I remembered that Ben Brooks did a similar thing way back when; he had the domain oldstuff.forsale and he sold stuff he reviewed. That became my inspiration for the whole operation.
The Site
Unlike Brooks, I did not want to use Shopify. It would have been an overkill; I did not need any of the backend features Shopify would provide me, such as payment processing and basket management. All I needed was a CMS to list items, and this seemed like a perfect opportunity to try out Hugo.
The Hugo
Hugo has a very steep learning curve. Especially if you are creating your own designs, you need to visit multiple documentation pages multiple times to wrap your head around it.
I created a simple theme for it (found out later that I did not need to), created a footer and header partial template (which has a better workaround with later versions), wrote a partial template for item cards, and the layout for the item details page. The site effectively uses 3 views; one for the listing, one for the product page, and one for an FAQ page.
The CSS Grid Layout
I knew I wanted to make this with CSS Grids. Because I always had issues with Bootstrap and this seemed way too convenient not to learn.
Granted, I did not use it the right way. I still used media-queries to change the layout, instead of minmax’ing and auto-fit’ing the cards. But still, I got items to be ordered and aligned just the way I hoped to, with the added help of CSS Grids’ cousin, Flexbox.
The Product Page Layout
I wanted to write a brief description, and put a few photos on the page. I did not want to put a carousel or hide photos behind clicks, so I decided to go for a layout that shows all photos openly, with a description to go with it.
I used another CSS Grid trick for the page layout. Normally the description part comes before the photos, but I used grid-template-areas
to make images come first on larger screen sizes, making images a bigger focus on adequate screen sizes yet not pushing descriptions to the bottom on mobile devices.
The Purchase Intent Interaction
Like I said, I did not use Shopify or anything else as a backend. This was a static site, so how would users be buying things?
Email and Twitter, of course.
I created two links, one Twitter Web Intents link, and one mailto: link. The Twitter Web Intents link automatically inserted the product page URL into a tweet, and the mail link inserted the product name into the subject, so the person who wanted to buy the stuff did not have to deal with describing the product they were interested in.
I wanted to have both options, because I simply was not sure which one would be more convenient in the absence of a regular checkout process. There might be people who would rather not expose their email address to some stranger, but then again, there might be people who do not want to make their intention to purchase an item public either…

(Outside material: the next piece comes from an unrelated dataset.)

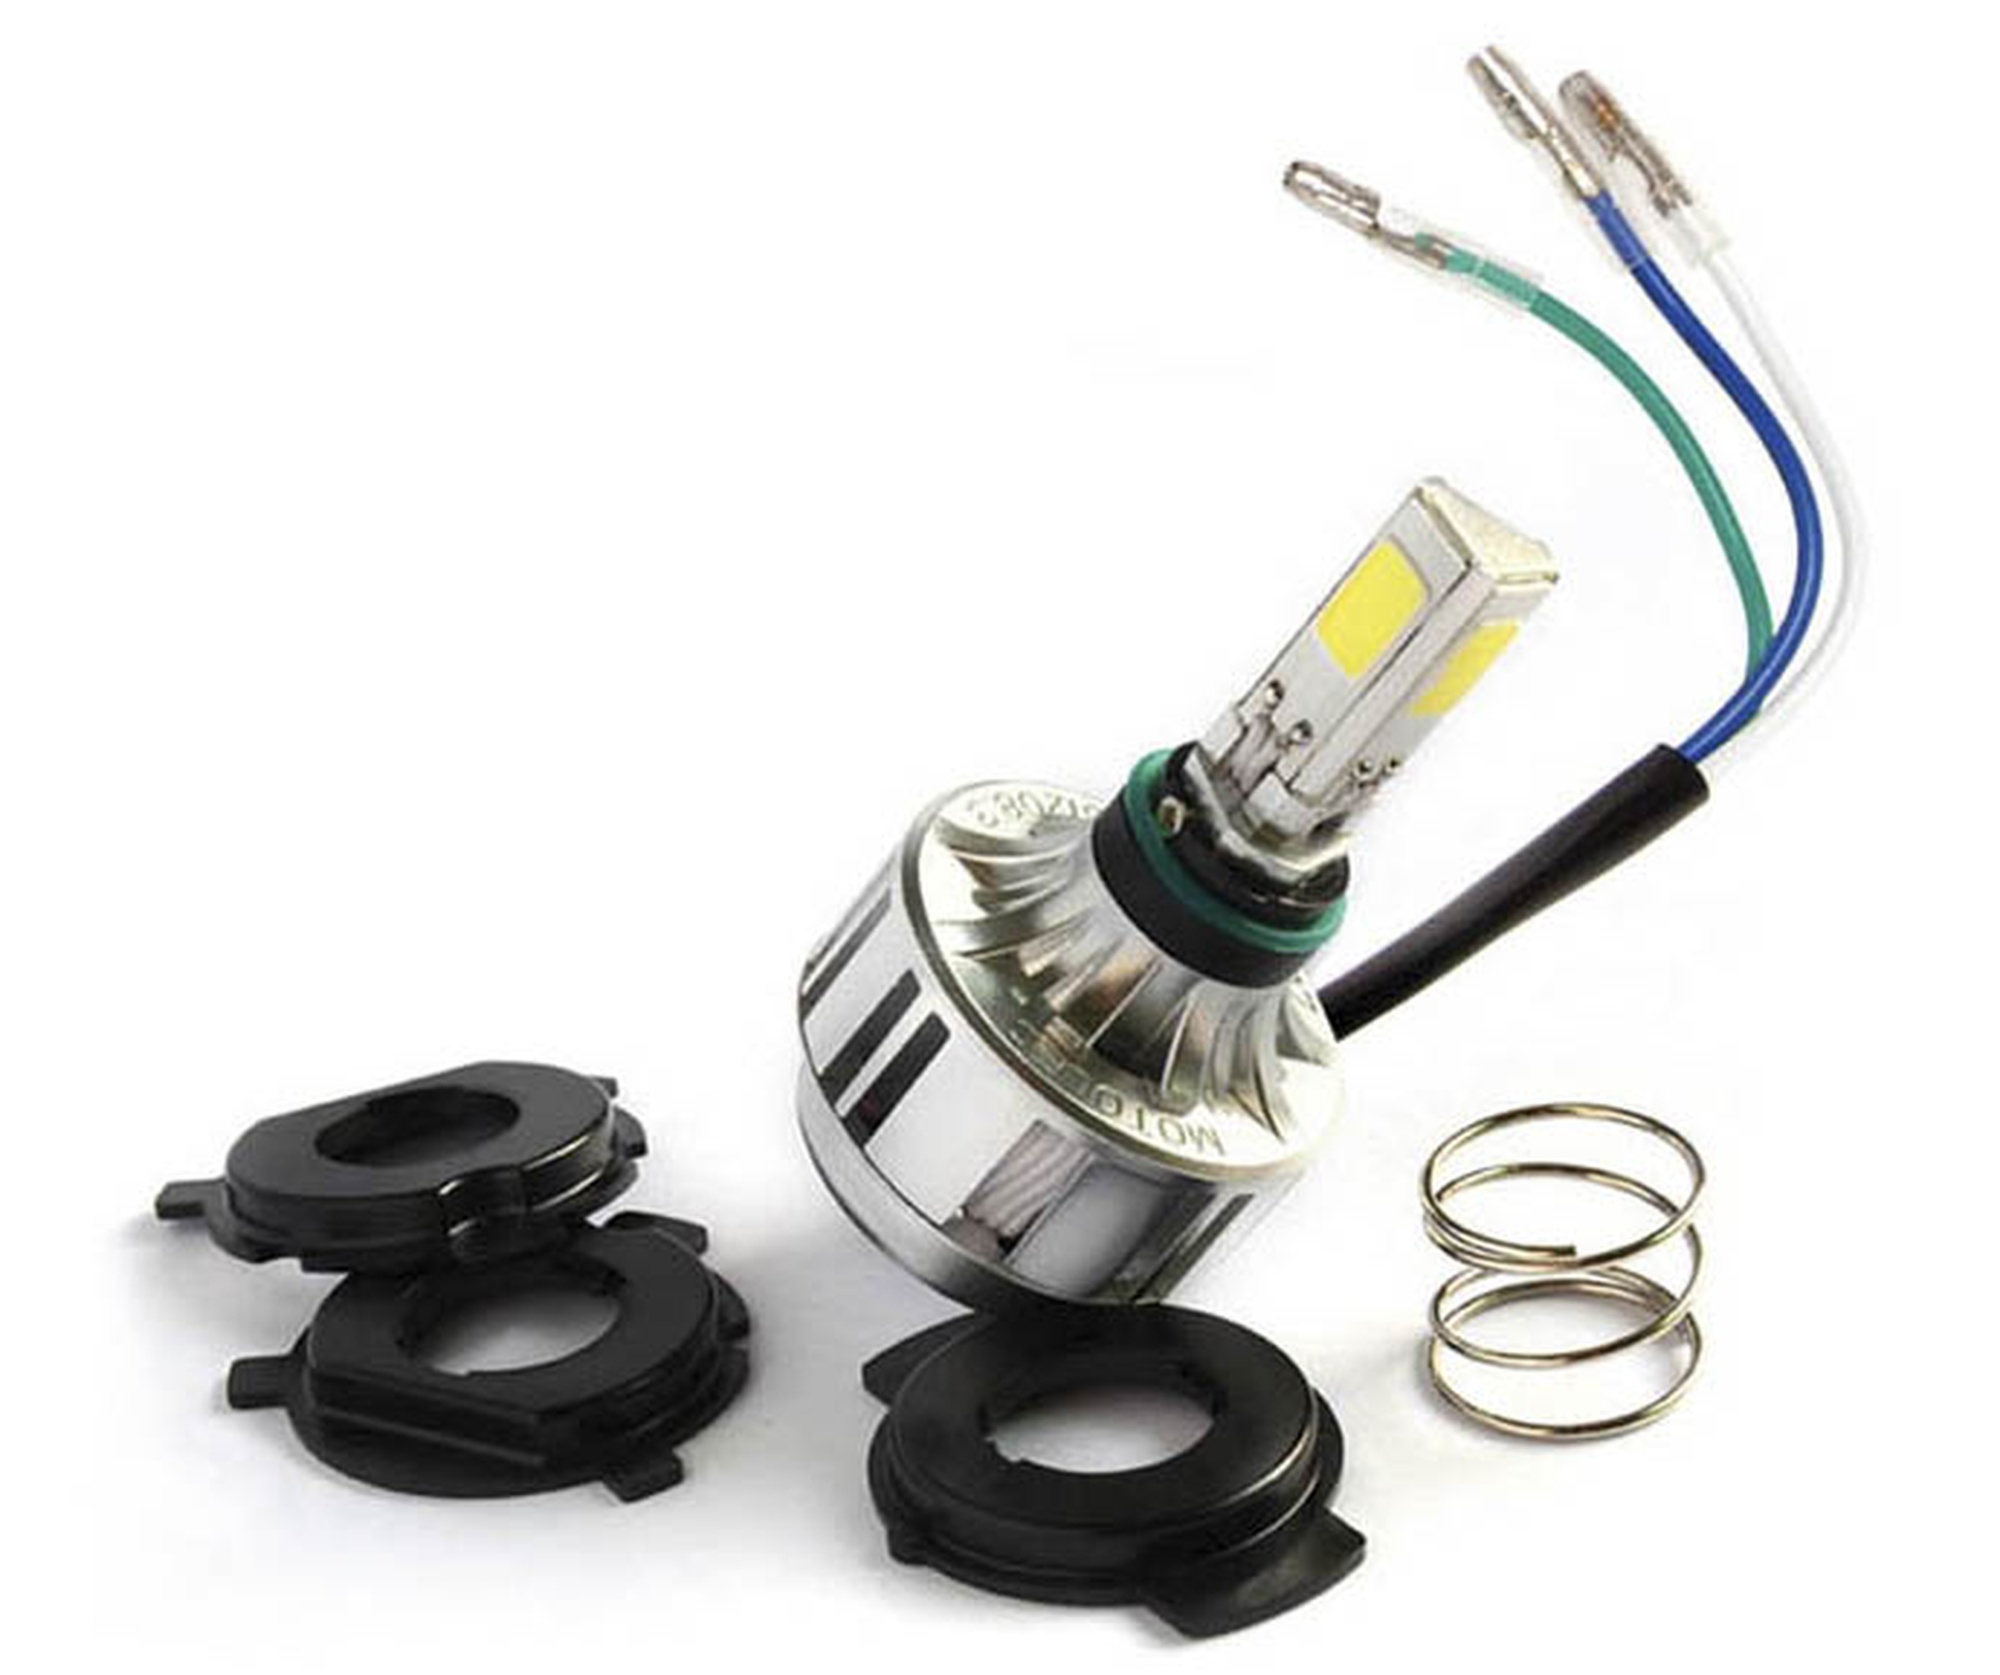 Obrázek produktu Enduro LED kit (pro žárovky H1, H2, H3, H4, H7, + KTM + Sherco), RTECH R-LEDRTECH016

Turns out, I was right to go with both options; I made half of my sales from Twitter, and half by email contacts.
The Name
Namecheap has really cheap domains for sale: $0.48 for a year, and $5.58 for 5 years. The options are not that refreshing; .bid or .trade came close to what I intended to do, but was not quite there. .faith and .cricket probably would not have worked any better.

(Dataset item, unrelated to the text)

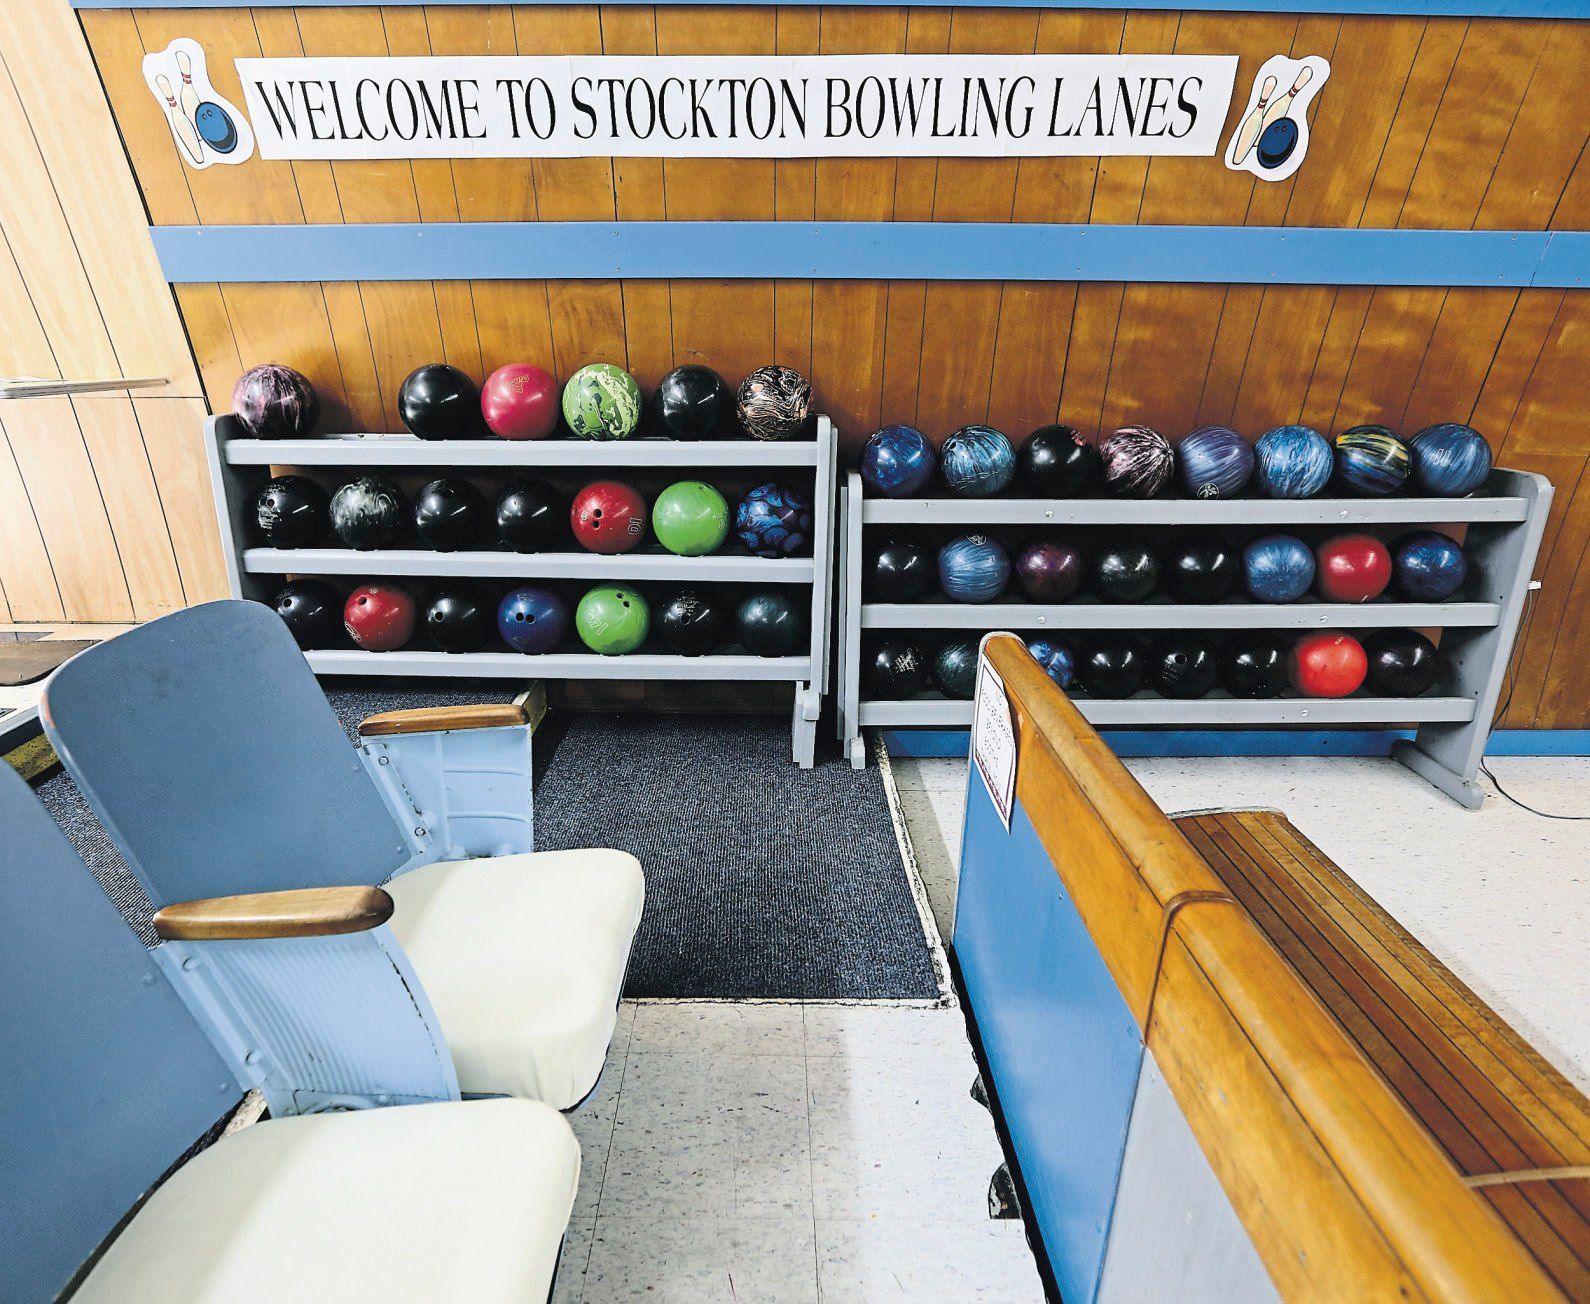 Vintage seats and bowling balls at Stockton Bowling Lanes.    PHOTO CREDIT: Dave Kettering

Then one TLD caught my eye: .party π
My mind went through a thousand options in a few seconds and settled on satilik.party; The word “satilik” means “for sale” in Turkish, and well, “party” is “parti”.
I assumed the playful name would help with the reach too. It is catchy, memorable, and intriguing enough to at least warrant a click when mentioned somewhere.
I got the domain name for 5 years, due to an unwarranted fear that a full year would not be enough to sell away everything and I’d have to renew at $26 the very next year.
The Hosting
I used Netlify for the hosting.
It was really easy to publish new items and changes. Type hugo
to build the site and netlify deploy
to upload changes. That’s it. Versioned and published.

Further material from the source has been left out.